= Directions for this task =
Return the listing below exactly, with the pictures dropped.

= Dataset extract =
——————————

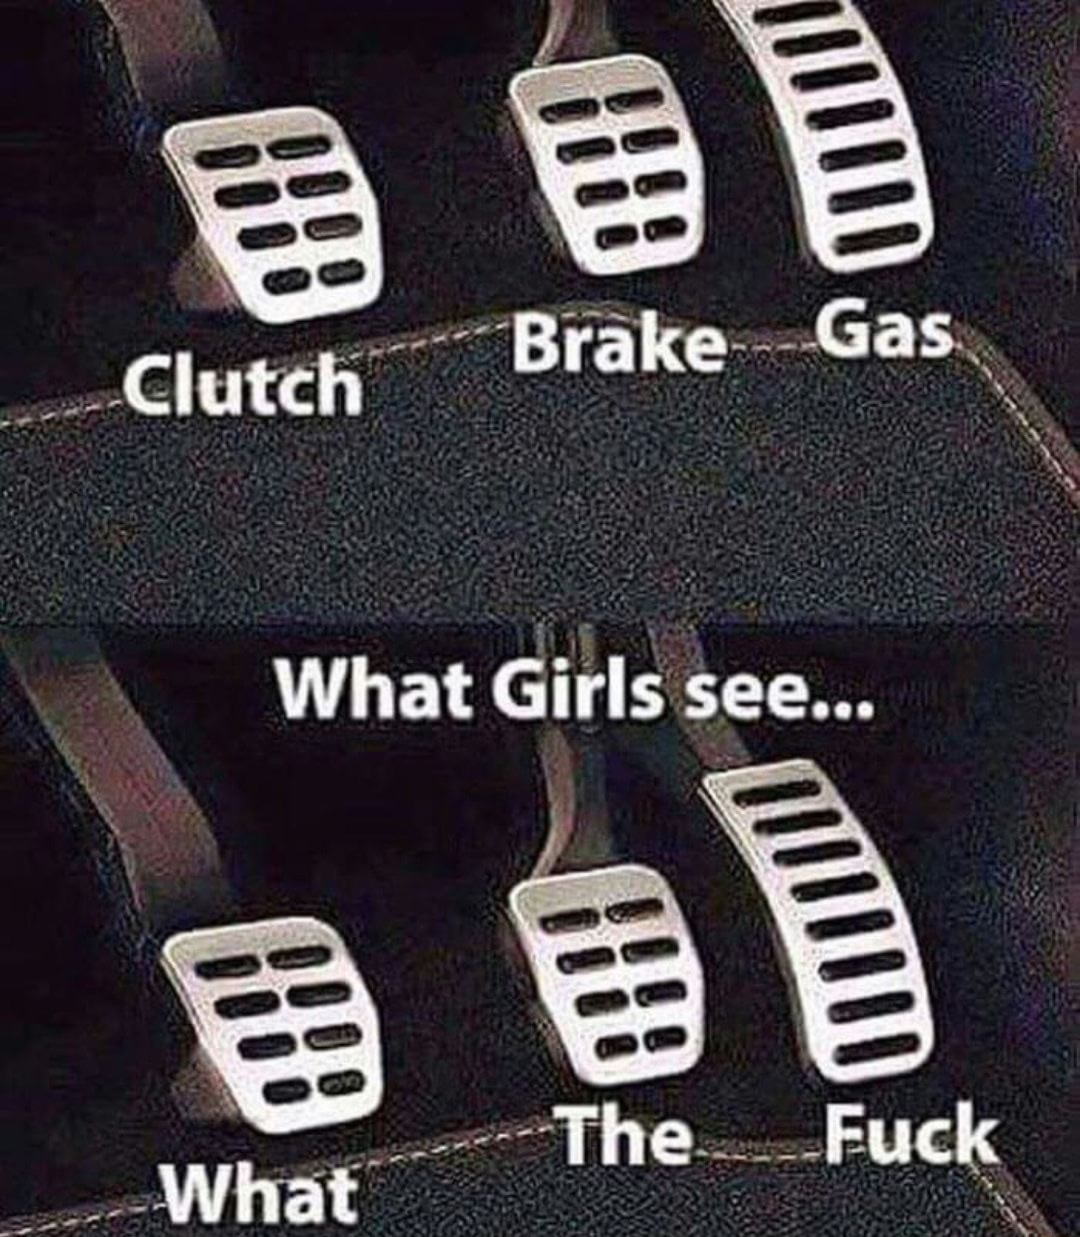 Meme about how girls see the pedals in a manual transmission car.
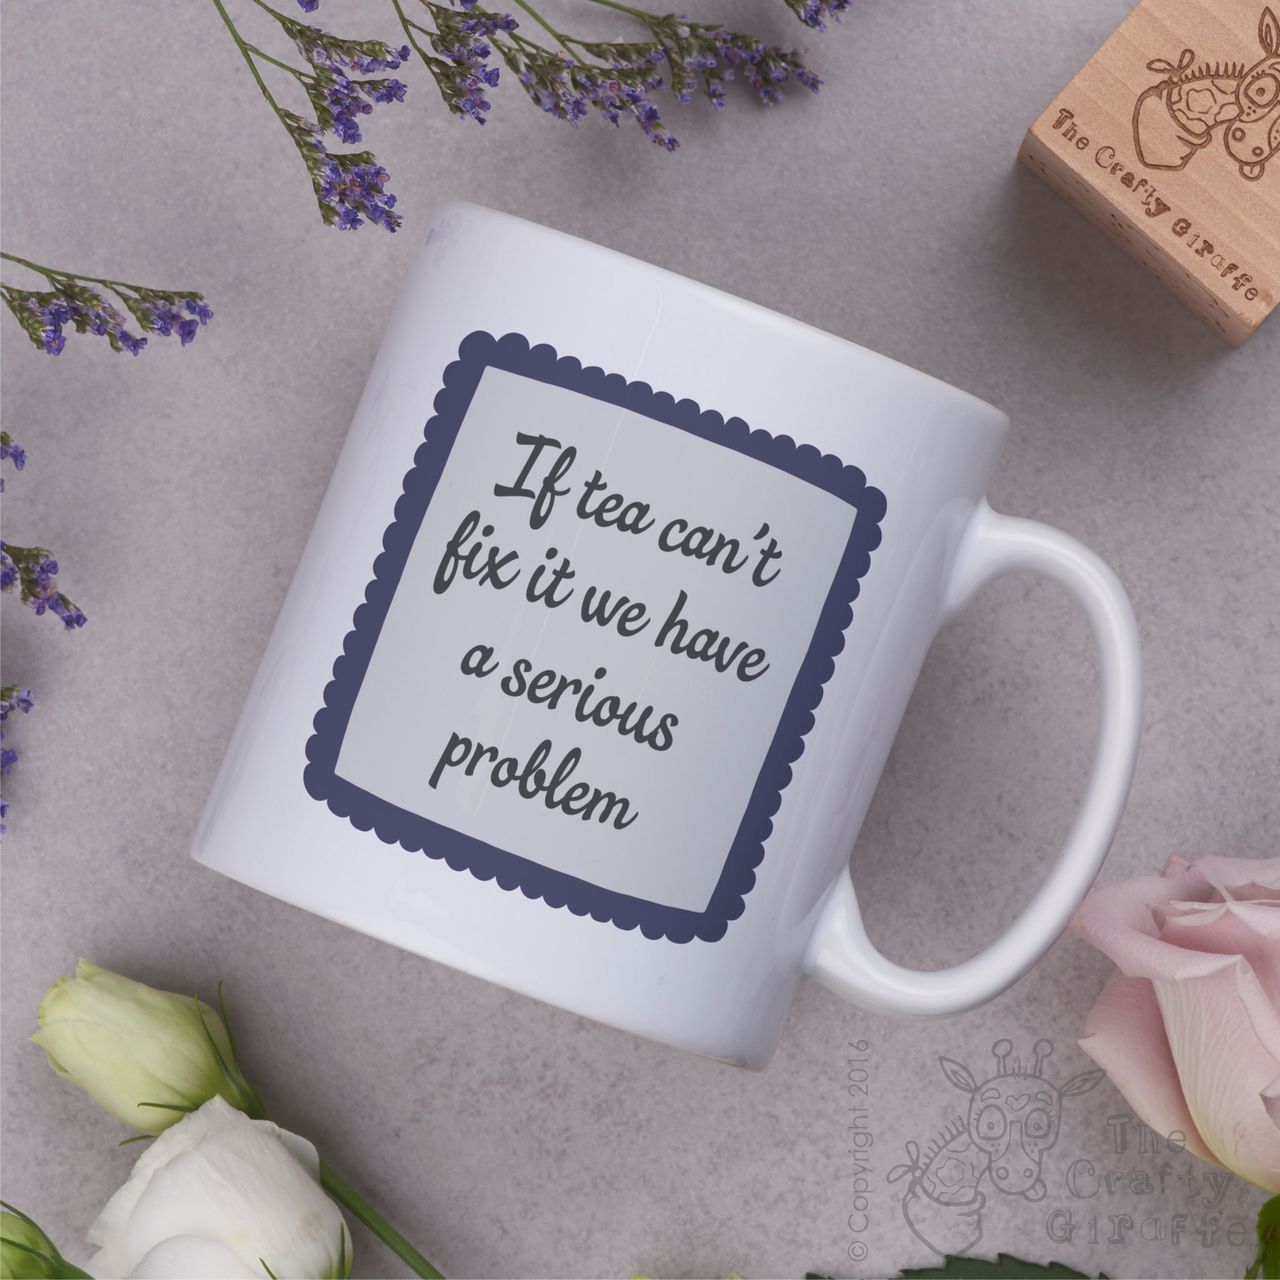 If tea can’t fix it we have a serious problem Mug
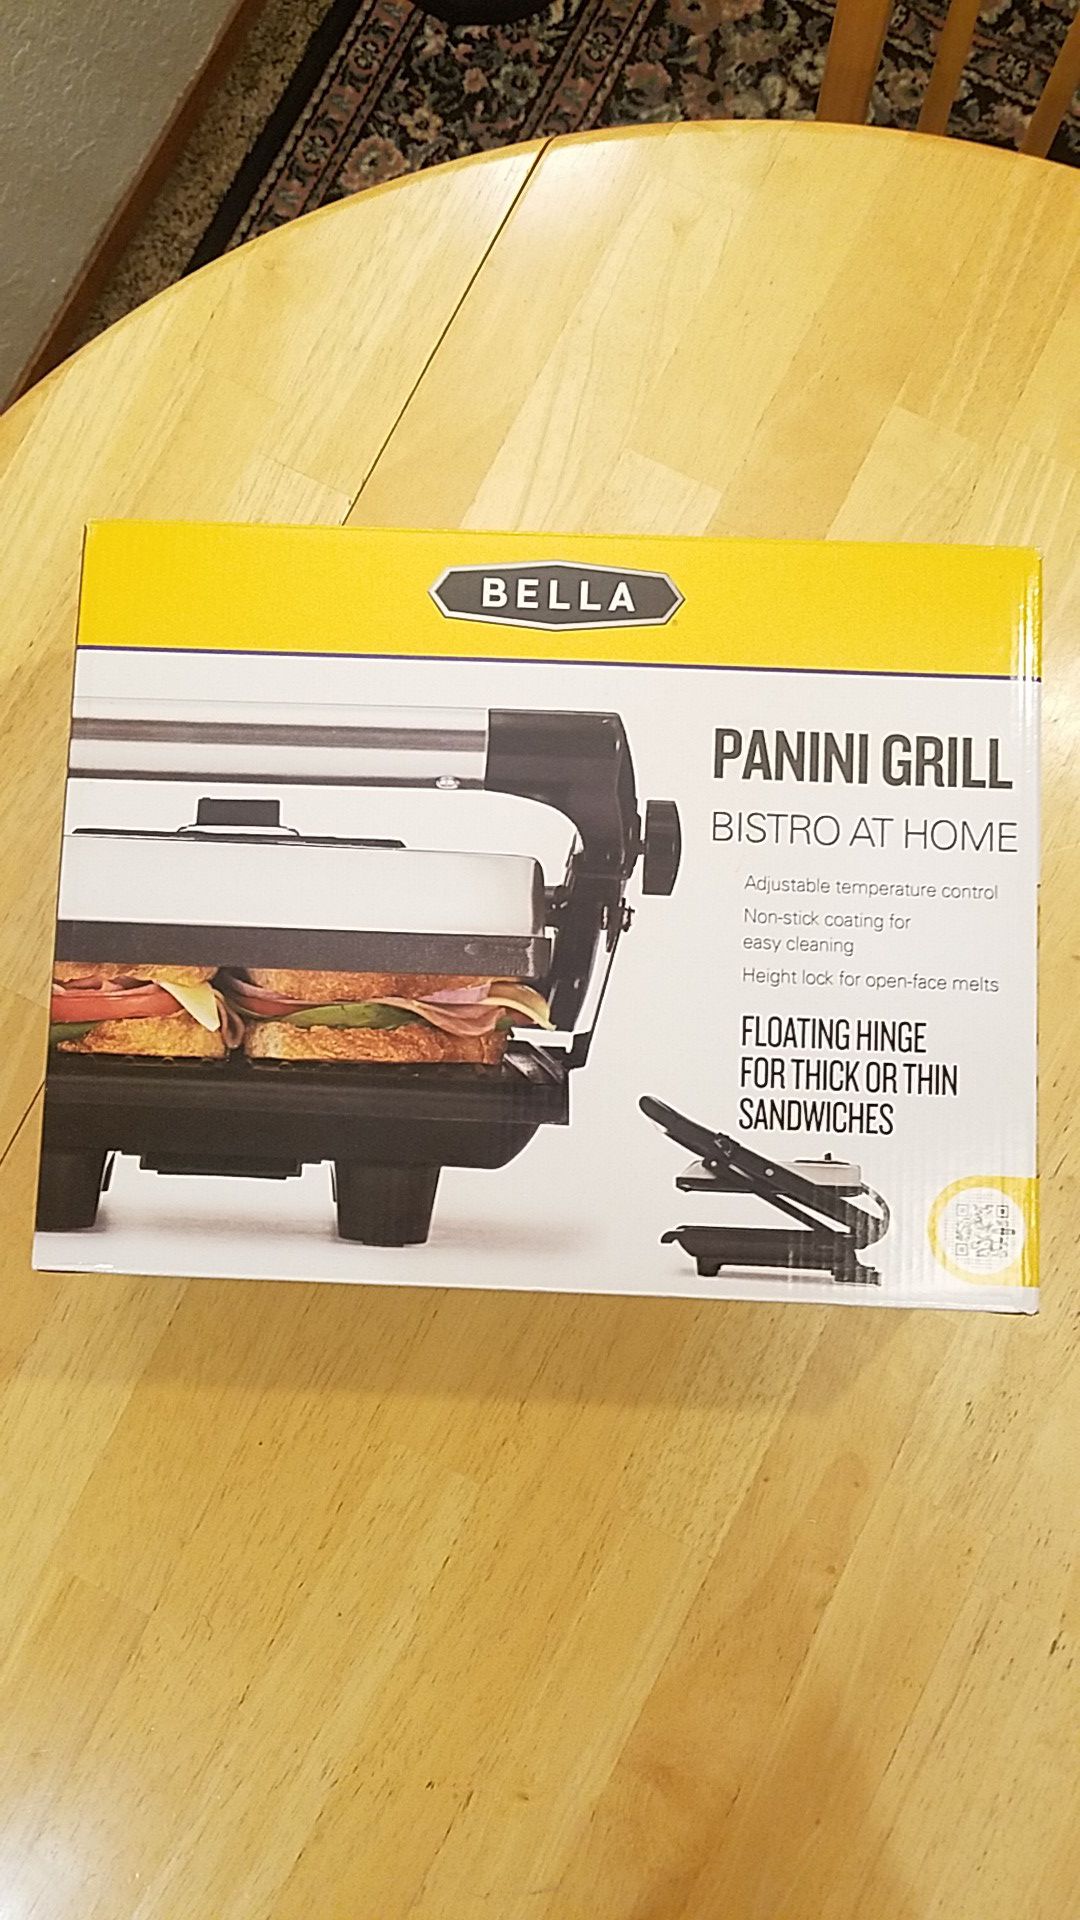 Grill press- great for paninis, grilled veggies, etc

——————————

= Answer box =
 Meme about how girls see the pedals in a manual transmission car.
 If tea can’t fix it we have a serious problem Mug
 Grill press- great for paninis, grilled veggies, etc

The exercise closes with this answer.